Да, когда-то о моральной допустимости суицида говорил Монтень, а потом, как раз в 1770-е, и Дэвид Юм. Но в художественной литературе Нового времени — и притом, заметим, литературе массово популярной — это первый случай громкой апологии. За которым не замедлили последовать другие сочувственно изображенные самоубийства. Что далеко ходить, карамзинская бедная Лиза в этом смысле, конечно, сестра несчастному Вертеру.

Но «Вертера» винили в смертях, увы, не только литературных героев. Еще в 1770-е годы в прессе начали возникать единичные сообщения о том, что рядом с телом очередного самоубийцы нашли, мол, томик гётевского романа. 1777 год: 17-летний студент из Киля по имени Карстенс застрелился, на столе лежал «Вертер». 1778 год: некая Кристель фон Лассберг утопилась, в кармане ее лежал «Вертер» (этот случай попал даже в дневники Гёте — дело происходило в Веймаре, где он тогда жил). 1780 год: молодой швейцарец застрелился, оставив записку с просьбой похоронить его у жилища той, кого он называл «моя Лотта». 1781 год: капитан фон Аренсвальд застрелился, напоследок в своем дневнике оставив запись, повторяющую предсмертные мысли Вертера. 1784 год: англичанка мисс Гловер отравилась, «Вертер» на сей раз лежал под подушкой.

Уже в первом из этих случаев газета, написавшая о самоубийстве, прямым текстом сообщала, что несчастного молодого человека наверняка спровоцировал на фатальный шаг роман Гёте. С каждым последующим разом эта констатация повторялась во все более тревожном тоне.

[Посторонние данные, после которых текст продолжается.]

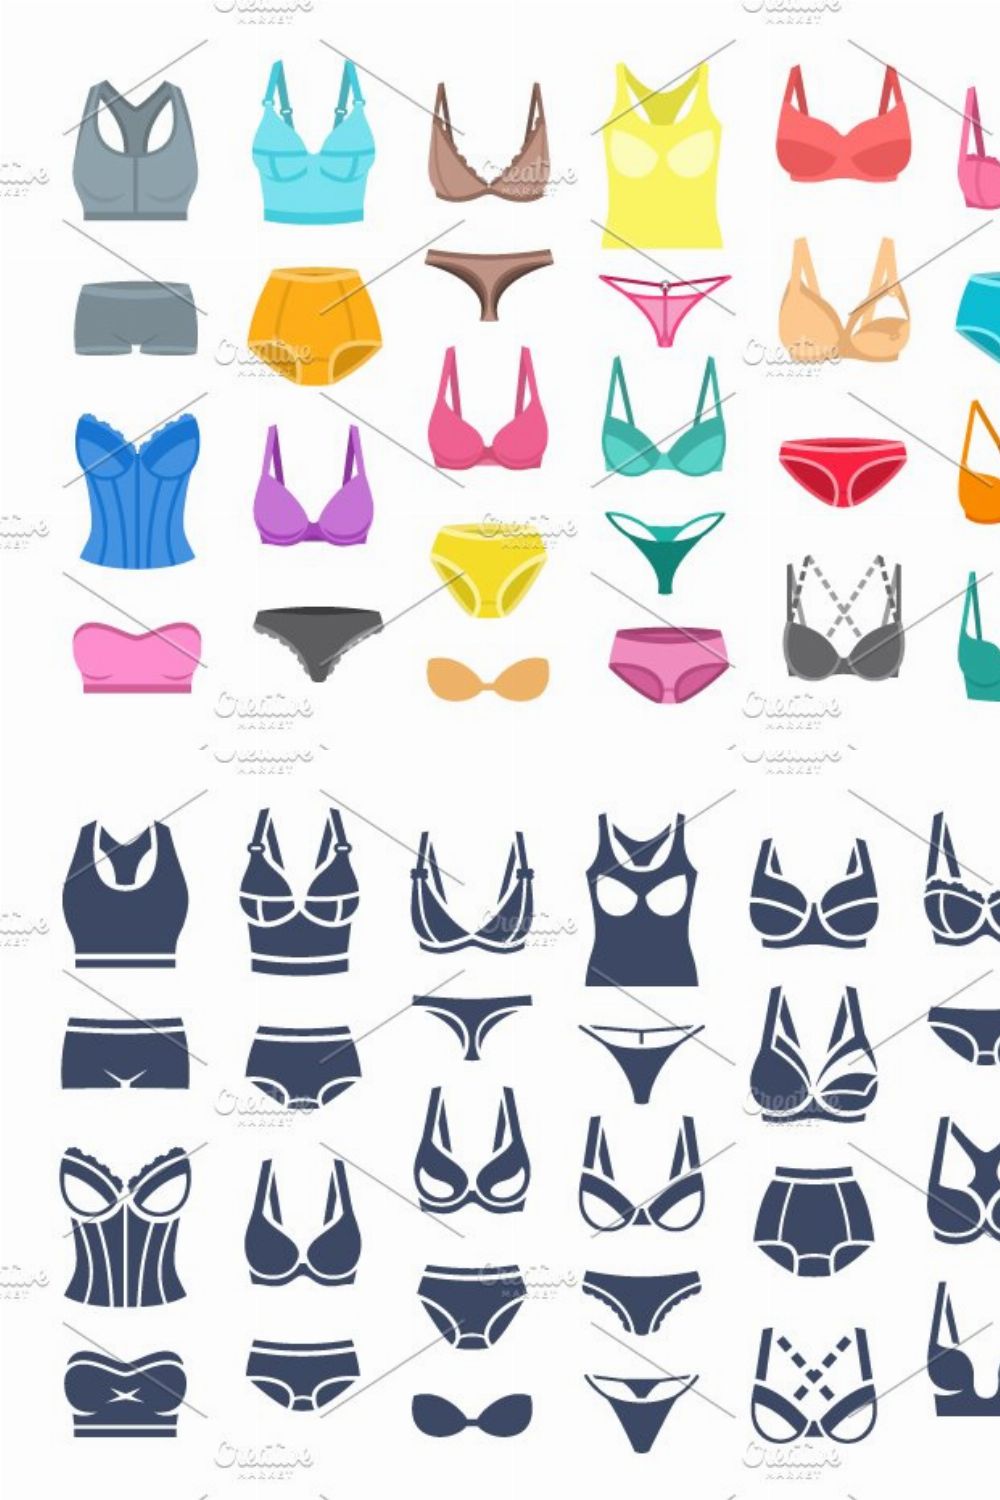 Women underwear design flat icons pinterest preview image.

И к началу XIX столетия уже стала общим местом уверенность в том, что «Вертер» вызвал массовую моду на самоубийства, страшную суицидальную эпидемию. Паникеры говорили о сотнях, если не тысячах смертей. Как несколько цинично выразилась по этому поводу мадам де Сталь, «ни одна прелестница не была причиной такого количества самоубийств, как "Вертер"». Позже, в ХХ веке, возник даже специальный термин «Вертер-эффект»: так называют волну подражаний, которые могут следовать за особенно громким, медийным самоубийством.

Но были ли инциденты, случавшиеся два — два с половиной века назад, в самом деле эпидемией? Сегодня исследователи в этом отношении очень осторожны. Счет отмечающихся в литературе конкретных случаев, когда суицид увязывался в печати с «Вертером», идет не на сотни и не на тысячи, а на десятки. И надо иметь в виду, что сенсационные преувеличения — привычная часть информационного шума, так уж медийность была устроена всегда.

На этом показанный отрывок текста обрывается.